IDCC (Interior Design Coalition of California) has once again introduced the most anti-competitive practice act legislation that we’ve seen in a while.  The 21-page AB 2482 bill will negatively impact nearly everyone in the design community who is not NCIDQ-certified – an exam that has been rejected by California and replaced by the California-specific IDEX, a more comprehensive and inclusive exam.

AB 2482 is sponsored by Assemblywoman Fiona Ma and is currently before the Assembly Business, Professions and Consumer Protection Committee, and will be scheduled for hearing soon.  Please note that Assemblywoman Ma sits on that Committee and will endeavor to shepherd it through.

IDPC maintains a strong partnership with CLCID (California Legislative Coalition for Interior Design) and we will be working with them, hand-in-hand as our grassroots boot-on-the-ground affiliate to STOP AB 2482 from being enacted.

I urge you to participate in this process!  Your right to earn an honest living will depend on your actions.  Take a few minutes to visit the CLCID website and become a member or benefactor.  Fighting legislation is a costly process; everyone will benefit from the defeat of AB 2482, so if everyone supports CLCID, the individual burden will be light.  Sound good?

I will be providing CLCID with ongoing bill analysis, detailed talking points, sample letters to legislators, and other important data, and they will in turn be providing that information to the California design community.

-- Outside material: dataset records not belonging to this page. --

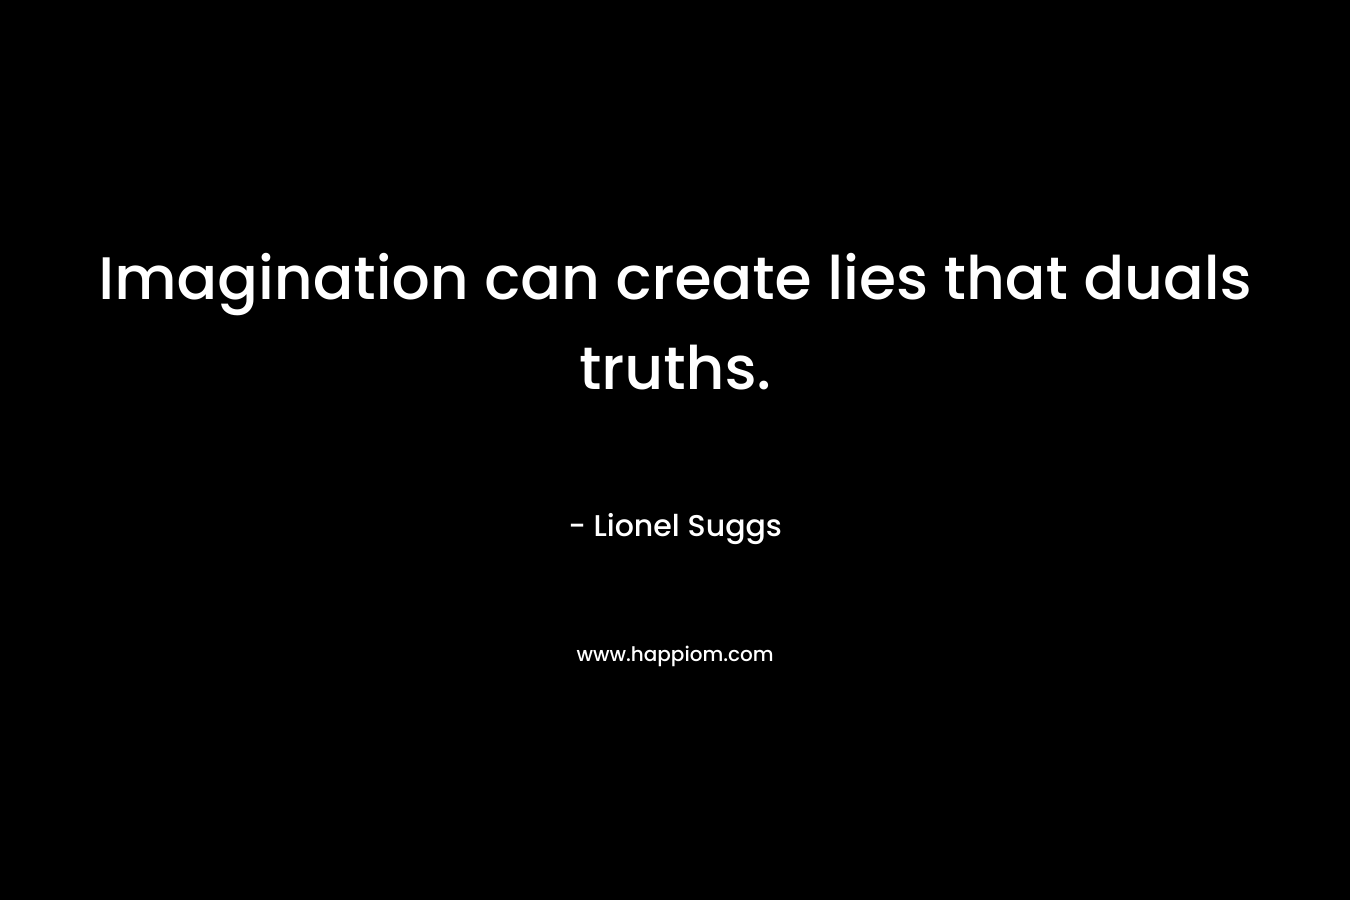 Imagination can create lies that duals truths. – Lionel Suggs
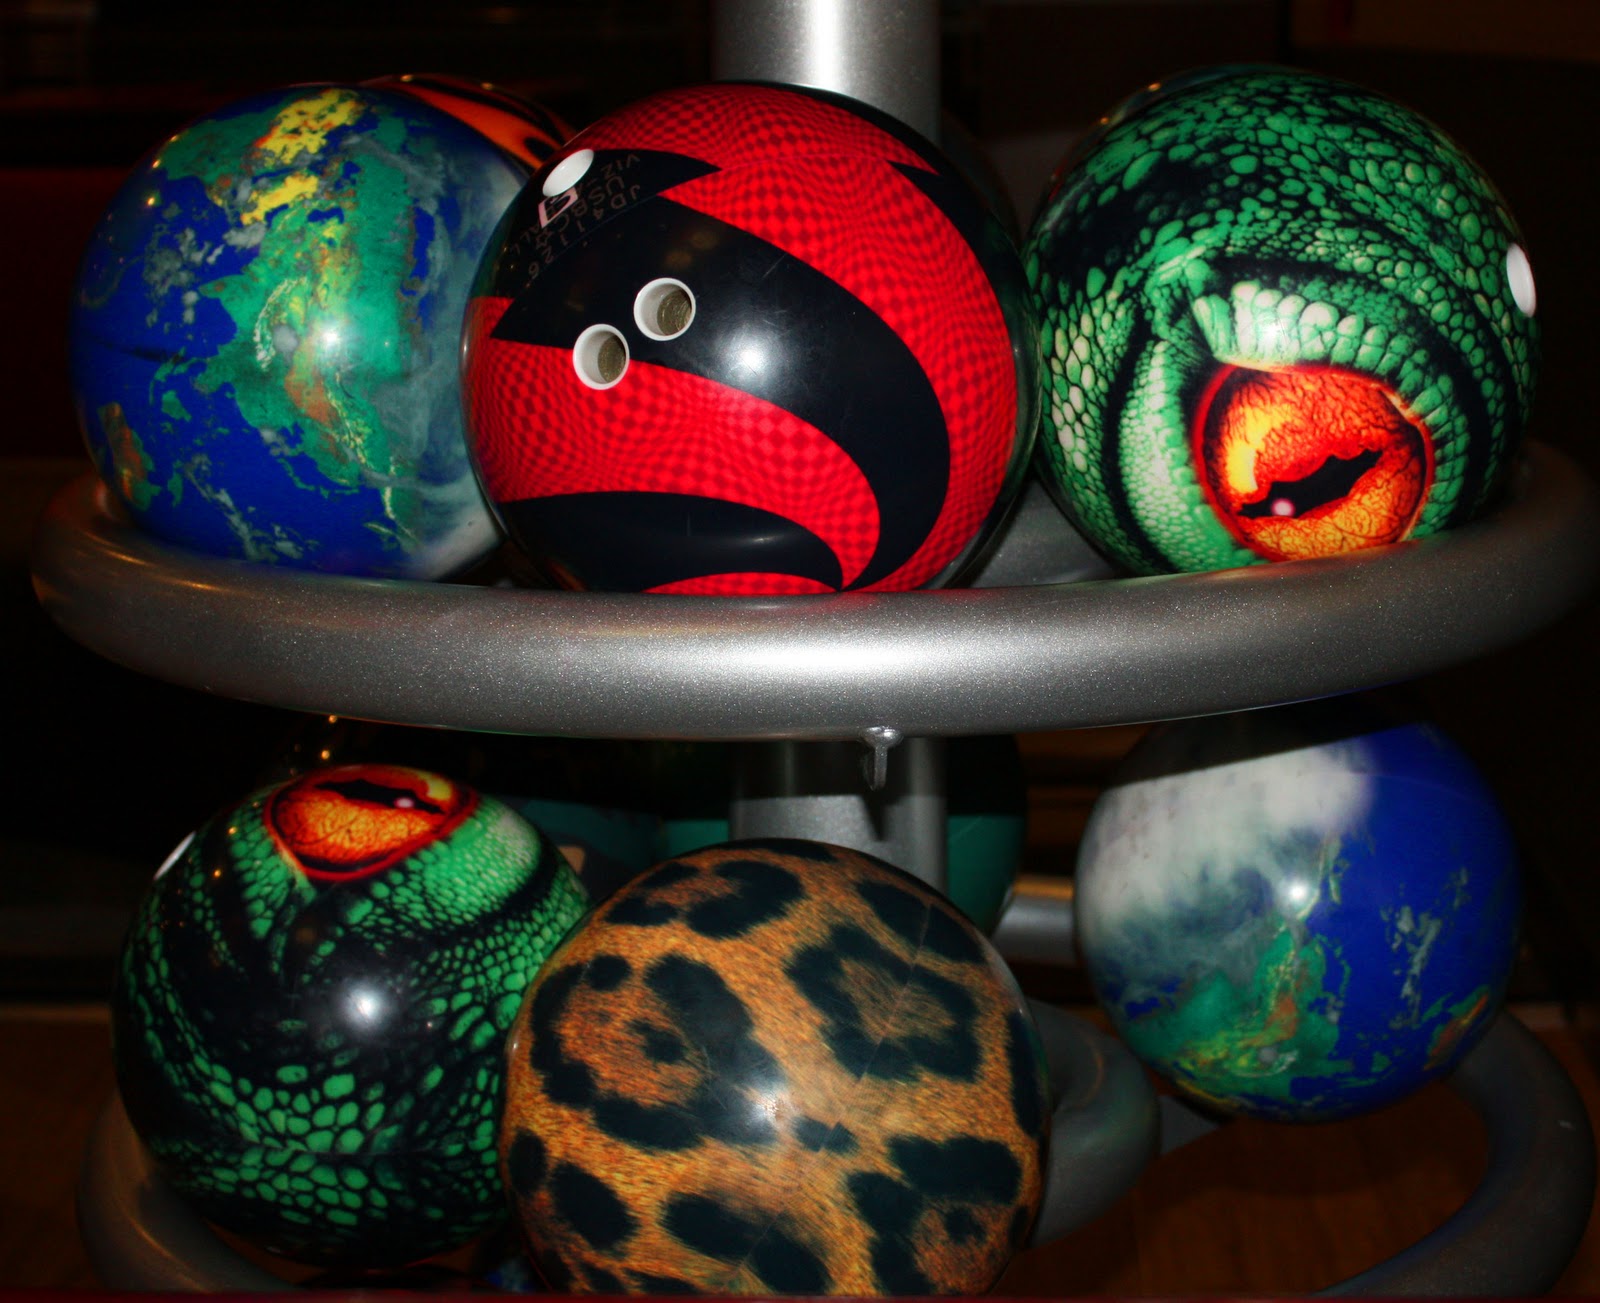 Boise Daily Photo When Did Bowling Balls Get So Artsy
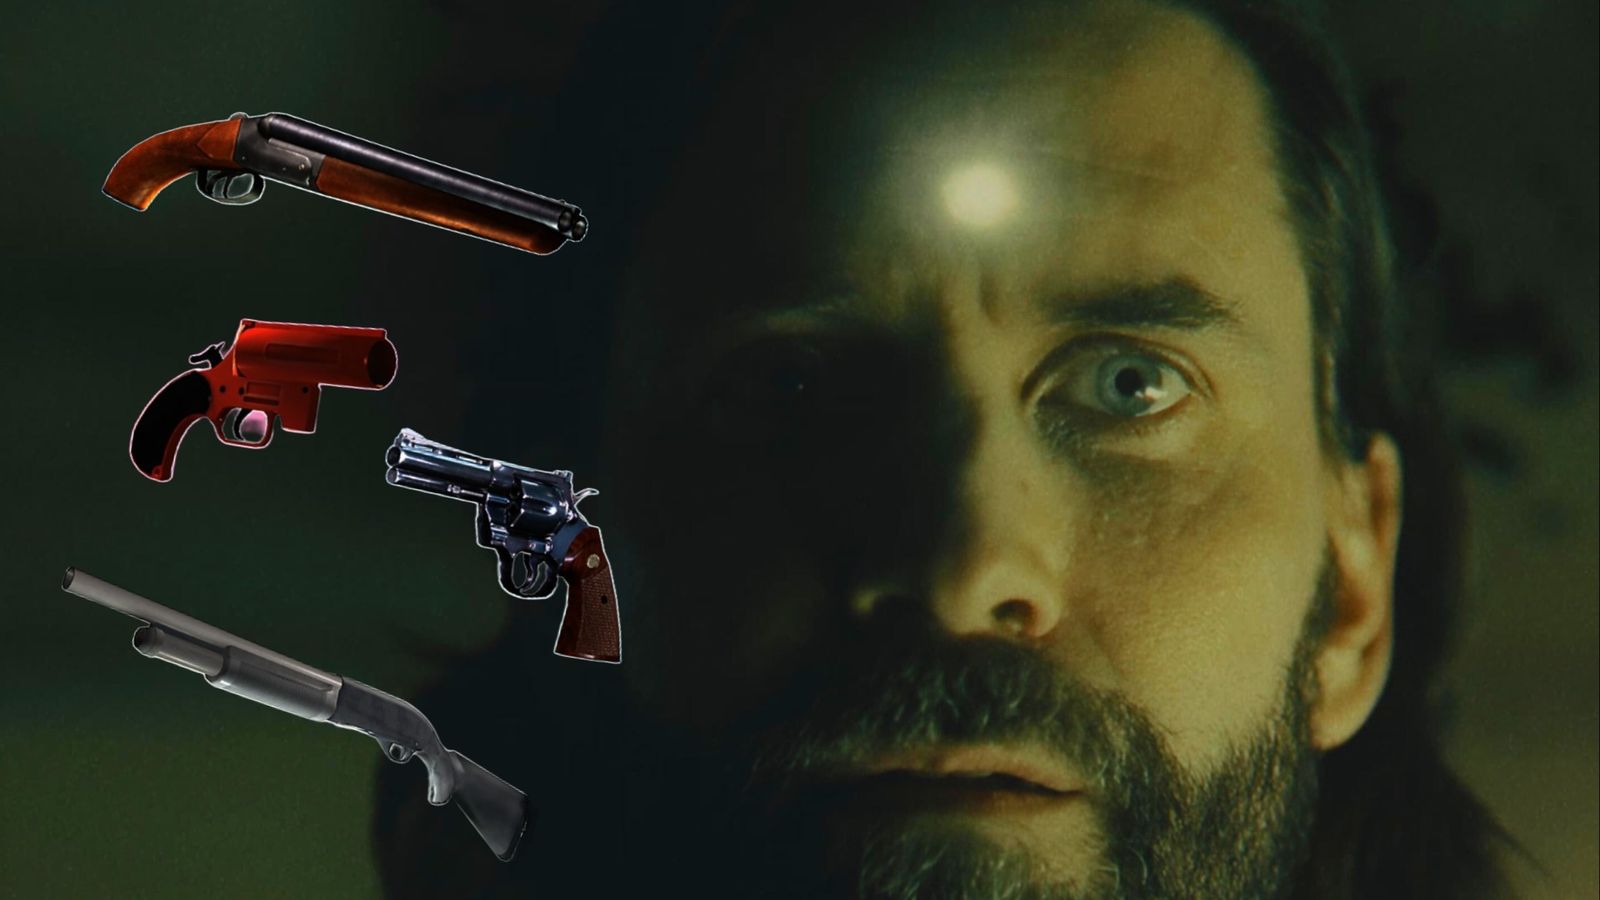 Alan Wake looking at the viewer with a flare gun, revolver, sawed-off shotgun and pump action shotgun floating nearby

I will also be coordinating with CLCID on any future lobby days, town hall meetings, and testifying at hearings.

With this team effort that includes the NKBA and other allied organizations, we will erect a strong roadblock, defeat this practice act and protect design freedom.

February 13, 2012

Oregon Practice Act Dies in Committee

Another smack-down handed to the interior design cartel.

This morning, SB 1521 was heard by the Senate General Government, Consumer and Small Business Protection Committee.  We had a substantially larger turnout than the proponents – wasn’t it great that we had so many sign up to testify that time ran out before everyone got a chance?  The Committee certainly took notice, which is the reason they rushed through at the end.

The Committee said the bill “needed further study,” a.k.a. “you’re goin’ on a trip to the legislation graveyard.”  SB 1521 will not be moving out of Committee this session.  While anything (and I do mean anything) can happen in the legislature, the deadline to come out of Committee is tomorrow and it’s not on the agenda.  Furthermore, the fiscal impact report has been put on hold — another indication that the bill is dead in the water.

Among those testifying in opposition to this anti-competitive, anti-small business bill:

Me (Patti Morrow) – Interior Design Protection Consulting

Ed Nagorsky – NKBA

Cindy Roberts – AIA

Dan Curtis – FEDA

John Cornyn – FCSI

Diane Plesset – DP Design

I will continue to monitor this session.  The pro-regulation cartel seldom give up, so as implausible as that may seem right at this moment, it’s possible we may see an amended bill next year, but for this session, Oregonians can celebrate victory.